There is one thing he hasn’t changed. He still works long hours. He remains an earnest, driven doctor. He is as passionate about medicine as he is skiing. He claims he was still in grade school when he determined that he wanted to be a cardiologist and a surgeon. At Alta High, he was a good student, served as a student body officer and competed for the school’s basketball, track and tennis teams. His plans to be a surgeon were almost derailed between his sophomore and junior years. During a mountain climbing accident, he severed three fingers on his left hand. Doctors reattached the digits, but only the middle finger survived, albeit with a fused joint; he lost about half of the ring and pinkie fingers.

“It’s something I still struggle with,” he says. “You never fully get over it. You make the best with what you have. I wish it had gone a different way.”

He went on to make the school’s basketball team anyway and continued his aspirations to become a surgeon. After serving a Chinese-speaking LDS Church mission in New York, he took an undergrad degree in Chinese at BYU and studied medicine at Johns Hopkins University. He served a residency in internal medicine and completed a cardiology fellowship at Stanford and then joined the faculty at the University of Utah. Two and a half years later, he was recruited by Intermountain Healthcare to start an atrial fibrillation program. He sees patients and performs surgery. And, of course, in his free time he exercises and advocates a healthier lifestyle for the public.

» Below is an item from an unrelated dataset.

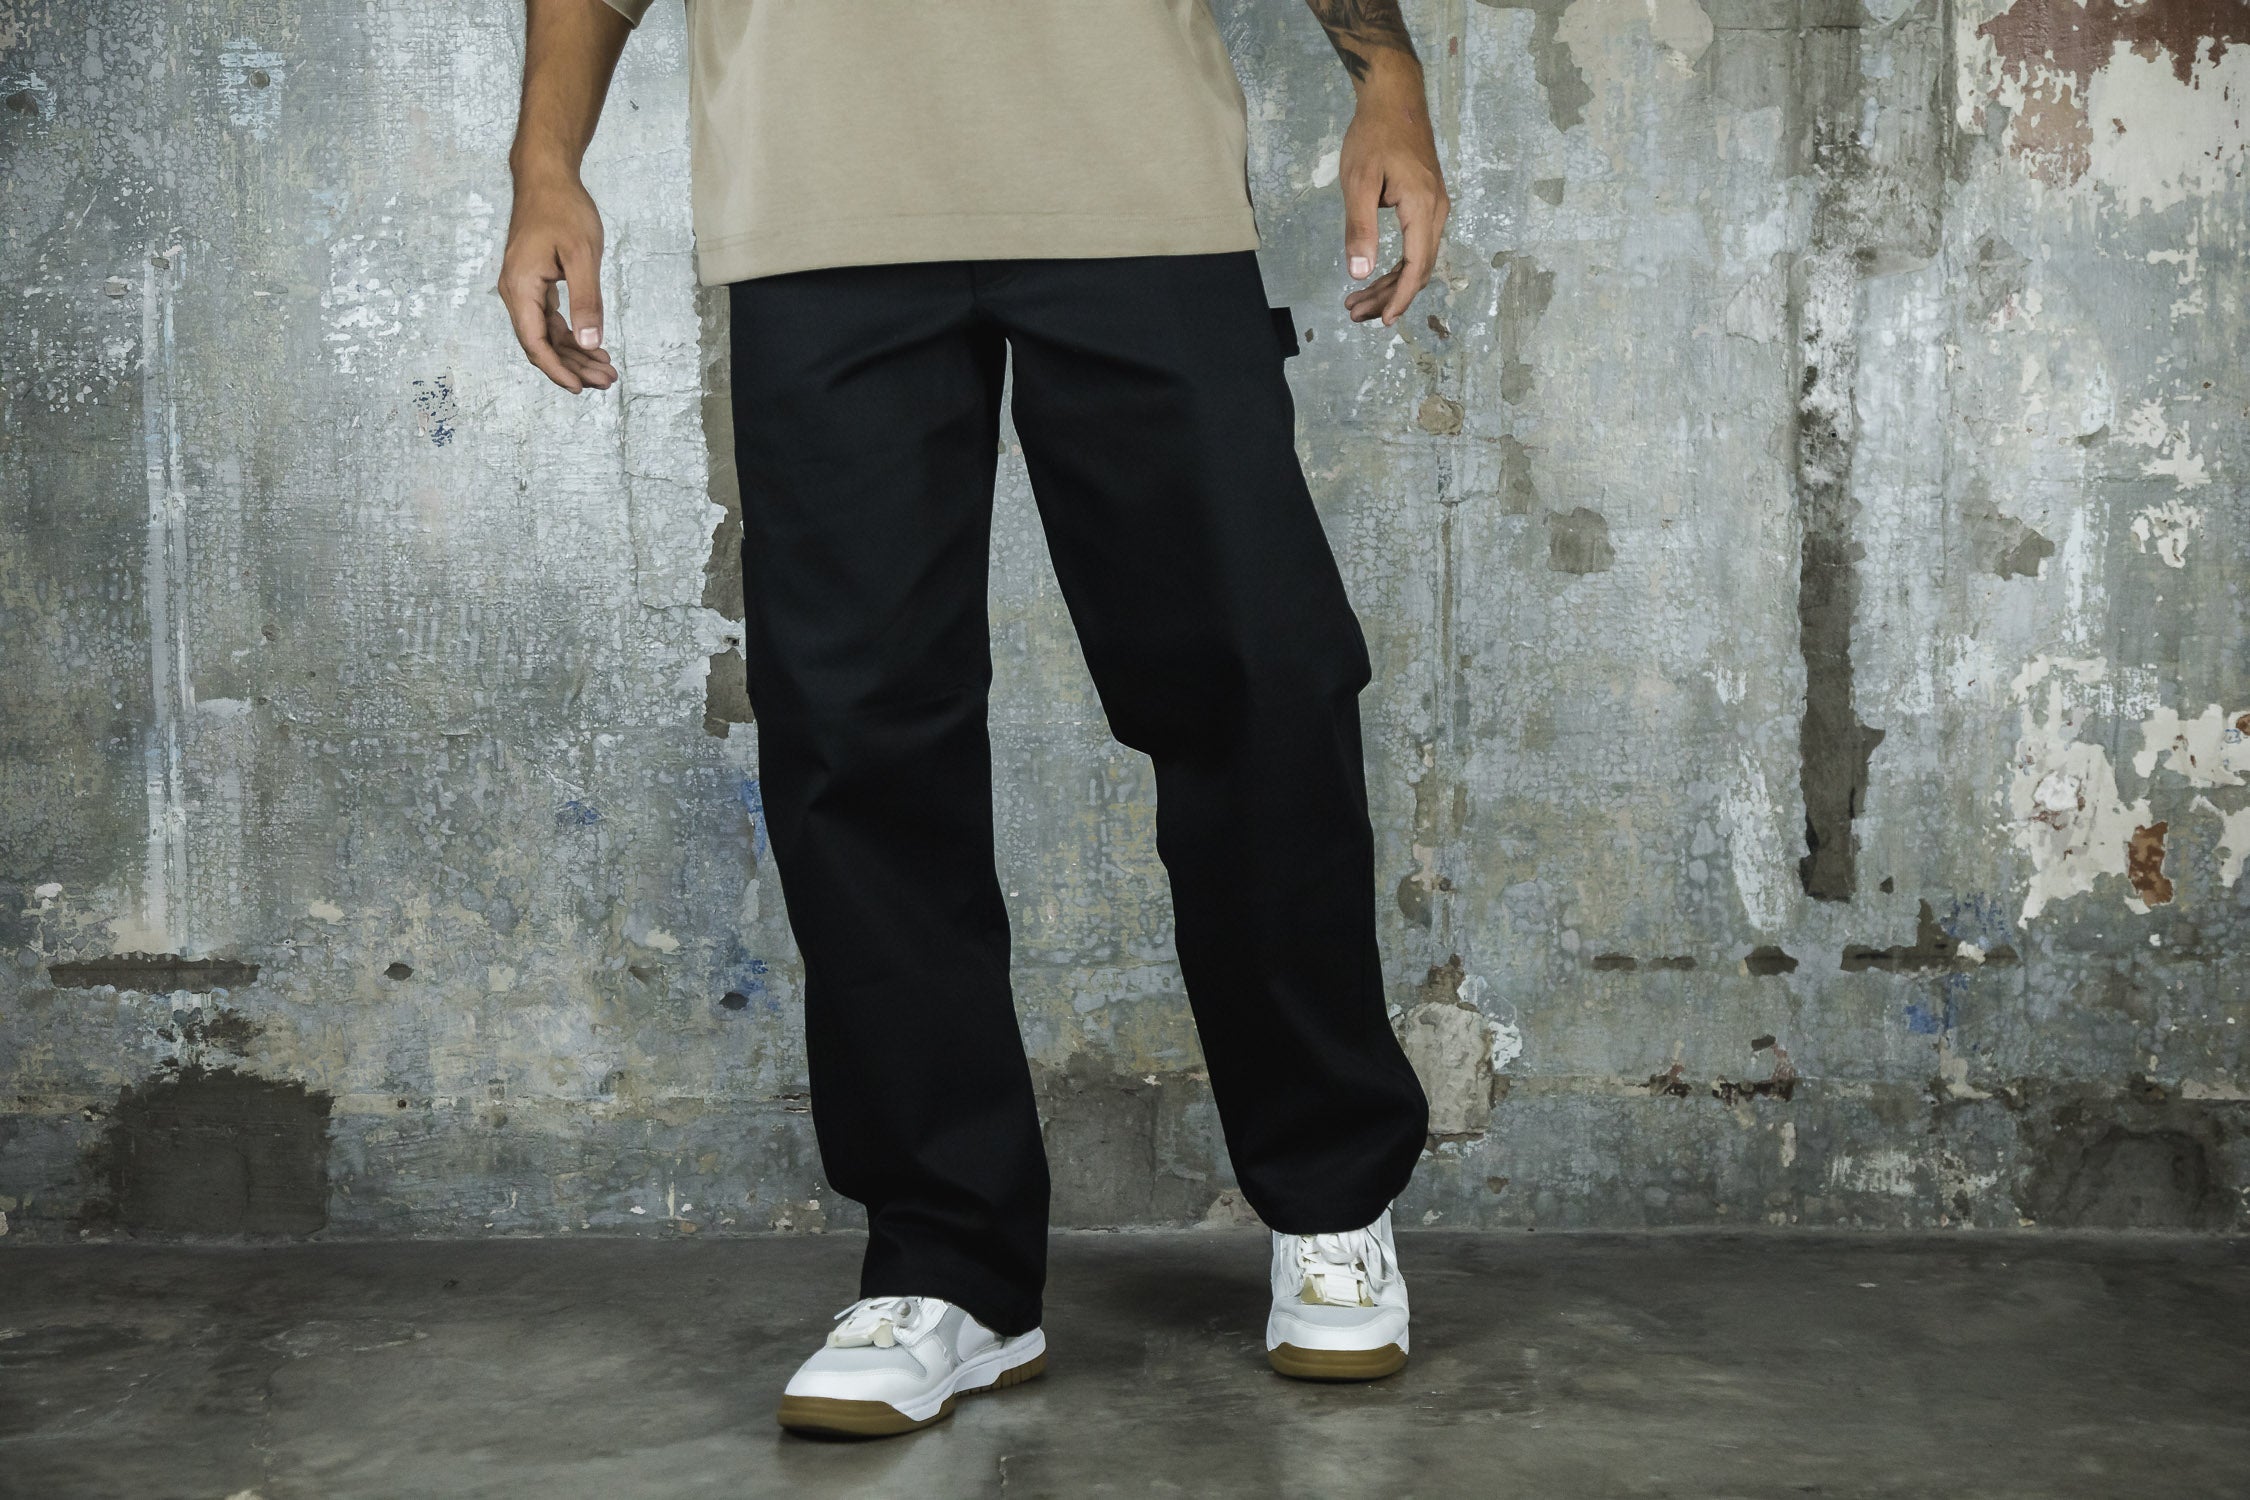 Nike Life Men's Carpenter Pants.

“Seeing others reverse chronic medical problems and completely turn their health around is what keeps me going,” says Day. “So often people believe there isn’t anything they can do about their genes. It is almost as if taking medications and living with chronic medical conditions are just part of the aging process … Regardless of their genes, studies show that most people can enjoy good health to age 90 with the right lifestyle choices.”